Нам страсть дарит такую благодать.
Что старцам и за деньги не видать.
Театр.
Входят Лаклесс (в качестве постановщика кукольного
представления) и директор театра.
Лаклесс. Право, меня удивляет, что после всех трудов и расходов, какие
я взял на себя, чтоб поставить у вас свою пьесу, вы предлагаете мне
отказаться от этого дела. Притом сейчас, когда зрители уже собрались и
вправе требовать от нас либо зрелища, либо денег.
Директор театра. Поверьте, сэр, я готов выполнить все свои
обязательства перед вами, но, как я слышал, кое-кто из артистов не доволен
ролями и грозится покинуть меня и уйти в Хеймаркет* и в Гудменз-Филдз* или
открыть еще несколько театров в разных частях Лондона.
Лаклесс. Я их уже утихомирил, и, по-моему, сегодня в спектакле заняты
лишь те, кому это по душе.
Директор театра. Тогда, сэр, я не против. Только прошу вас, объясните,
в чем содержание и замысел вашей пьесы. Я что-то никак не пойму, о чем она.
Лаклесс. Ну, прежде всего, сэр, в ней показывают выборы архипоэта,
иными словами, поэта-лауреата при дворе богини Ахинеи. Правда, я ввел еще
множество других персонажей, непосредственно не связанных с основным
действием. Дело в том, что один видный критик объяснил мне, что в изящной
словесности нет одинаковых правил для всех жанров, что автор кукольного
представления может позволить себе большую свободу, чем сочинитель опер, а
тому разрешается больше, чем сочинителю драм. Действие у меня происходит по
ту сторону Стикса* и все действующие лица - покойники.
Директор театра. Может, хоть их не освистают, бог даст!

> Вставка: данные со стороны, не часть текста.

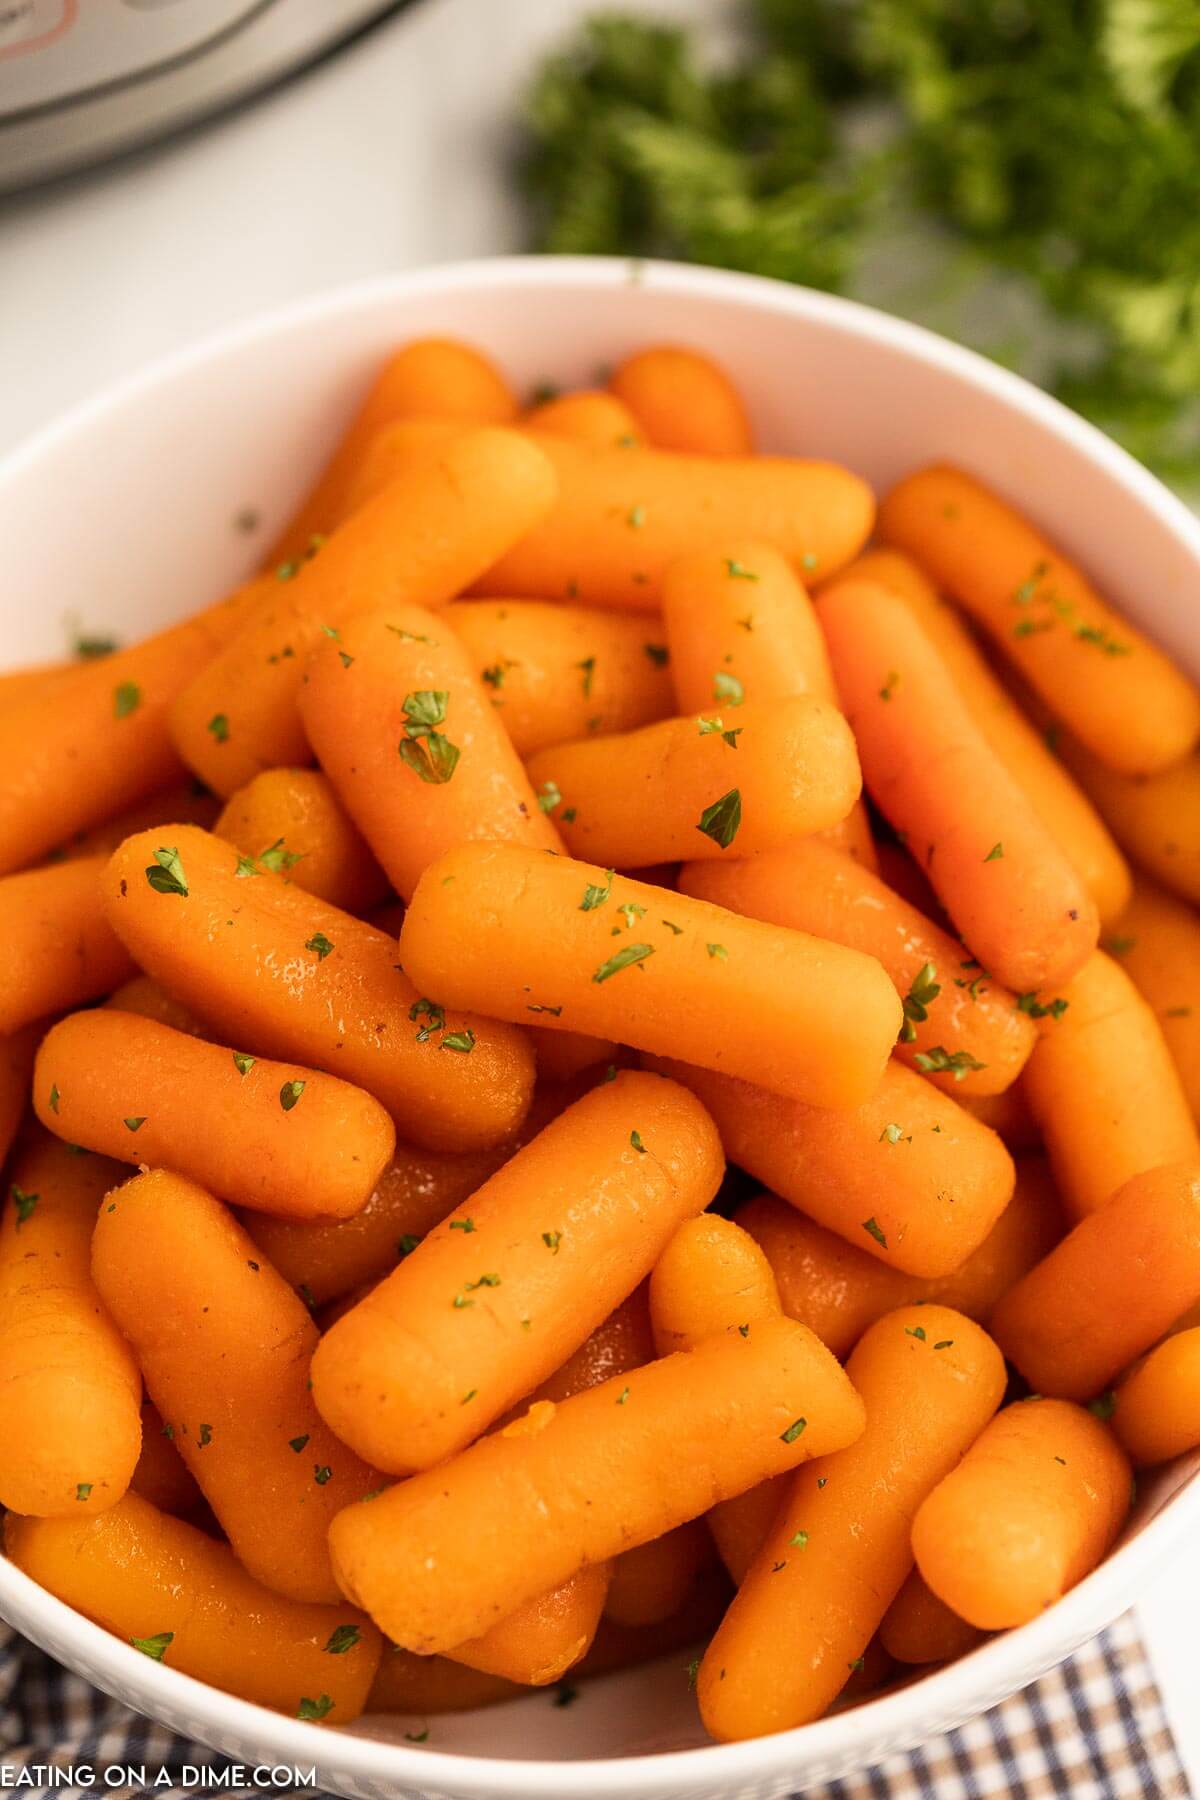 https://www.eatingonadime.com/wp-content/uploads/2023/03/ip-glazed-carrots-10.jpg
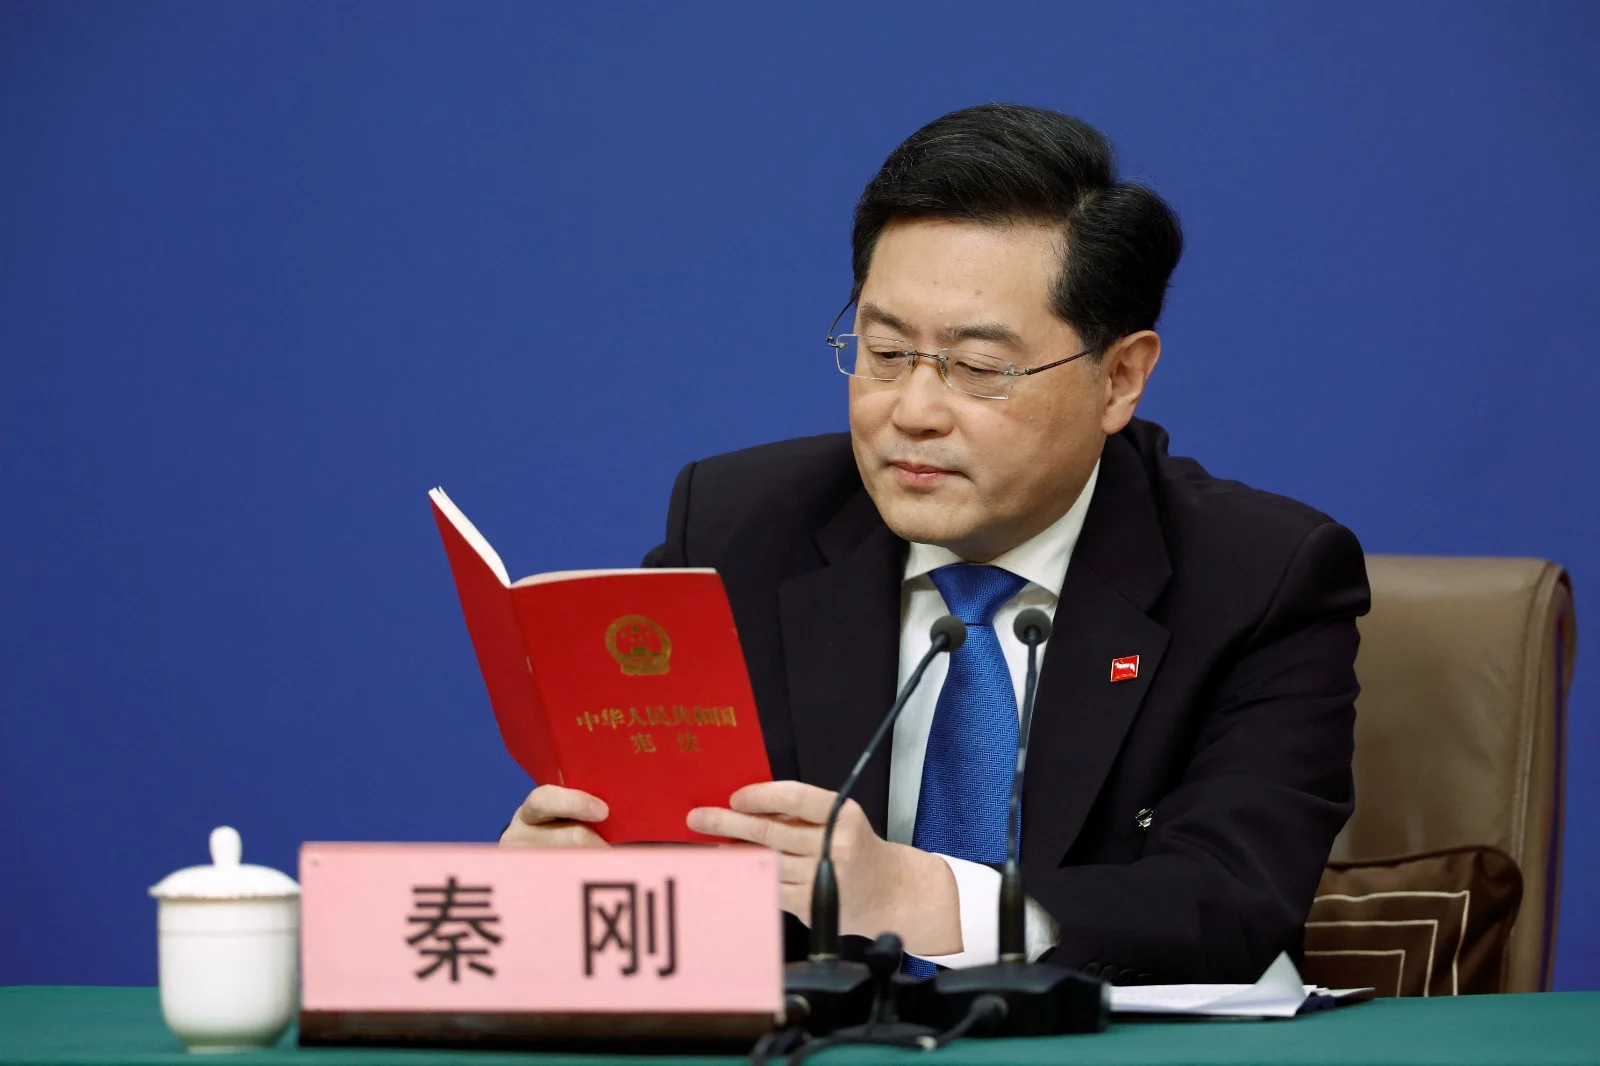 שר החוץ הסיני צ'ין גאנג

Лаклесс. Сударь, я рассчитываю на снисходительность публики, - кстати,
ей уже не терпится. Слышите, зрители стучат тростями? Итак, не будем больше
мешкать - начнем! Пора, по-моему, играть увертюру. Мистер Дореми, вы
заготовили новую увертюру?
Дореми. Я специально сочинил ее, сэр.
Лаклесс. Сыграйте, пожалуйста. (Директору.) А вас, сударь, я просил бы
сесть возле меня. (Публике.) Милостивые государи, первым перед вами
предстанет Полишинель*.
Занавес раздвигается, и мы видим Панча, восседающего на высоком стуле.
Панч.
Если фарс царит в столице,
Где кругом ослы, ослицы,
И критическая рать,
Хохоча, влачится следом
За унылым чванным бредом, -
Нужно ль Панча презирать?!
Лаклесс. А это жена Панча, Джоан.
Входит Джоан.
Джоан. Что с ним приключилось, с моим мужем?! Все мурлычет и мурлычет,
а ведь с его голосом только и петь, что в Хогз-Нортоне* под аккомпанемент
поросячьего визга. Я-то надеялась: как помрет - заткнется. Так нет, он и в
загробном царстве продолжает драть козла!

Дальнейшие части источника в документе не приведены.